Two special appearances

As well as the huge lobelias, Mt Kenya (5199m) is home to giant groundsels. Photo: Wikipedia
As well as the huge lobelias, Mt Kenya (5199m) is home to giant groundsels. Photo: Wikipedia
Thousands queued to see the corpse flower bloom in the Dunedin Bonataic Garden. Photos: Gillian Vine
Thousands queued to see the corpse flower bloom in the Dunedin Bonataic Garden. Photos: Gillian Vine
Dunedin's corpse flower in full bloom.
Dunedin's corpse flower in full bloom.
Mt Kenya's Lobelia keniensis in Alan Mark's garden.
Mt Kenya's Lobelia keniensis in Alan Mark's garden.
This season, for the first time, Alan Mark's Lebolia keniensis has produced two flowering stems.
This season, for the first time, Alan Mark's Lebolia keniensis has produced two flowering stems.

Gillian Vine looks at two dramatic flowers that have bloomed in Dunedin this season. 

This year, there have been two remarkable flowers in Dunedin, in both cases the southernmost place where these rarities have bloomed.

The first was the corpse flower or titan arum (Amorphophallus titanum), the world's largest bloom. Dunedin Botanic Garden staff had waited 10 years for the South East Asian native to grow from a corm about the size of a golf ball to produce the 2m flower.
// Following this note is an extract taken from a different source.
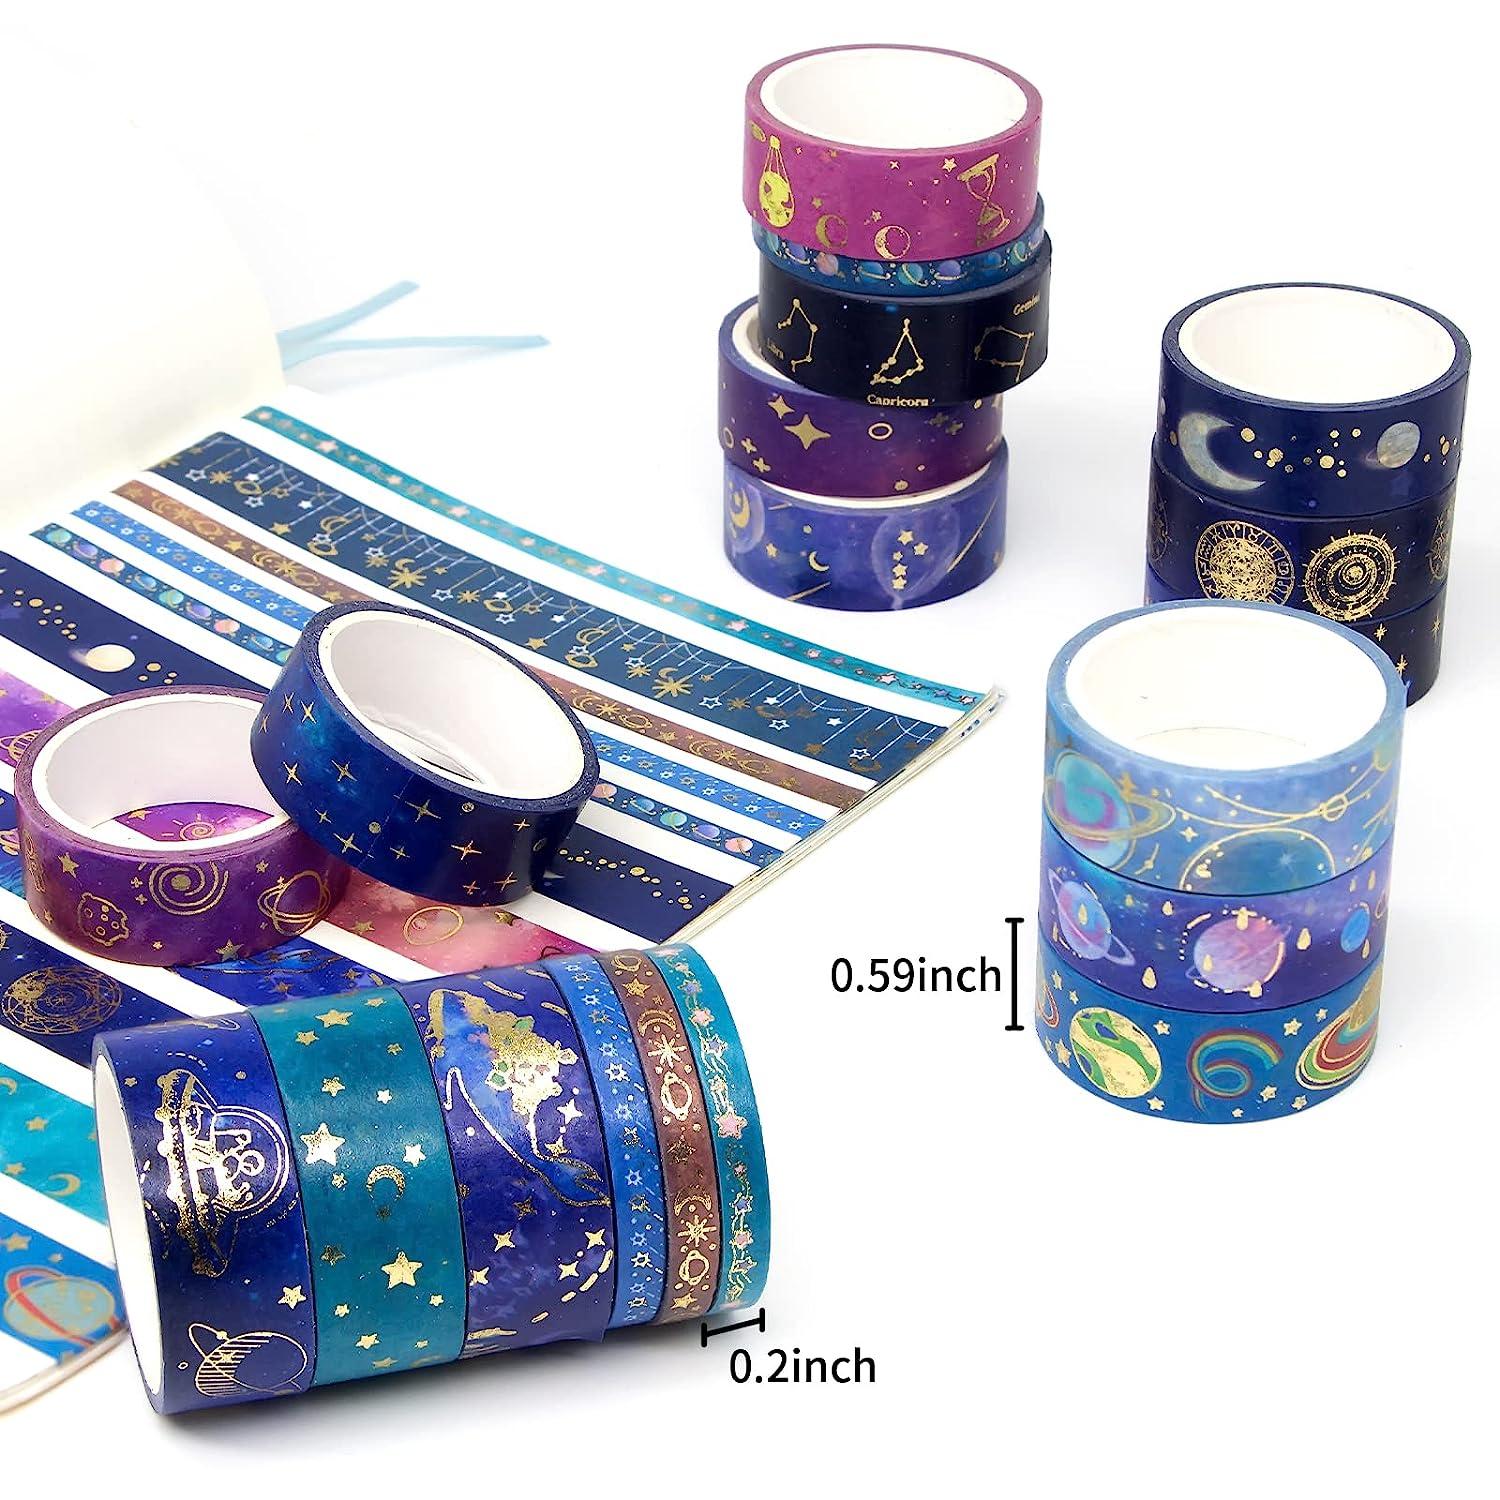 Gold Foil Washi Masking Tape 15mm X 5m for Scrapbooking and Journal  Decoration

In early February, this relative of the arum lily attracted thousands to see and sniff. People patiently queued for an hour or more to get into the Winter Garden to view the flower and discuss the stink, which - depending on your sense of smell and whether you caught it at peak pong - resembled carrion or wet dog.

After flowering, the plant dies, leaving fresh corms at its base, so it may be another decade before we see this titan of the tropics flower again.

Then last month, another remarkable plant began flowering in the Dunedin garden of Emeritus Professor Alan Mark.

It is a lobelia, but nothing like little L. erinus, an annual popular for edgings or hanging baskets, or perennial L. cardinalis, with its blood-red flowers and dark purplish foliage. Prof Mark's plant

(L. keniensis) is one of the giants of the 400-plus lobelia species, its flower stems rearing almost 2m from rosettes of spiky green leaves.

So how did this African native, with its restricted Mt Kenya habitat, make it to Dunedin?

"I established it from seed I collected on Mt Kenya in 1966 and it has established some 20 vegetative rosettes that collect water in their crown to resist frost damage - it freezes most nights at 4000m on the mountain," the botanist explained.

Like the corpse flower, the Kenyan lobelia was in no hurry to flower, blooming for the first time when it was 12 years old. That is considered youthful, as in the wild it is thought L. keniensis takes 30 to 60 years to begin flowering. With a life span estimated to be as much as 400 years, a giant lobelia could outlive many trees.

This year is the fifth time Prof Mark's own plant has produced its distinctive towering stems but the first time there has been more than one.

"It has flowered five times, irregularly, but [this is] the first time I've had two flowers simultaneously," Prof Mark said.

"That deep purple flower is magnificent. Bees love it and the nectar is delicious."

In its native environment, the giant lobelia grows at 4300m-5300m on Mt Kenya, where the climate "is summer by day and winter by night". The plant has adapted skilfully: water collects in the rosettes and acts as a natural frost barrier, as even in mid-summer, night temperatures drop below freezing because of the altitude.

Prof Mark explains that L. keniensis is one of two high-alpine giant rosette lobelias on Mt Kenya; the other is L. telekii.

A single plant (clone) of L. keniensis may contain up to 23 separate but interconnected rosettes but Prof Mark says: "mine has had up to 28".

When mature, these rosettes hold a pectin solution that accumulates between the leaf bases and protects the central growing point, as ice may be up to 1cm thick in the mornings, thanks to the heavy frosts which occur most nights, although Mt Kenya is in the tropics.

Its flower stems (inflorescences) may have as many as 5000 flowers, which open in sequence, so flowering lasts six weeks or more.

The deep purple blooms secrete up to 1ml of coconut-flavoured nectar."Mine are strongly sought by honey bees," Prof Mark said.

His multi-rosettes belong to a single plant and it has not set seed, so Prof Mark says the species is presumably self-infertile.

Like the corpse flower, a L. keniensis rosette dies after blooming then others step up to take over.

To ensure its survival, Prof Mark has shared pieces (clones) of his plant with a Dunedin alpine plant specialist and has a plant growing at the University of Otago's botany department.

These two remarkable plants show that patience can be rewarded with unique flowers.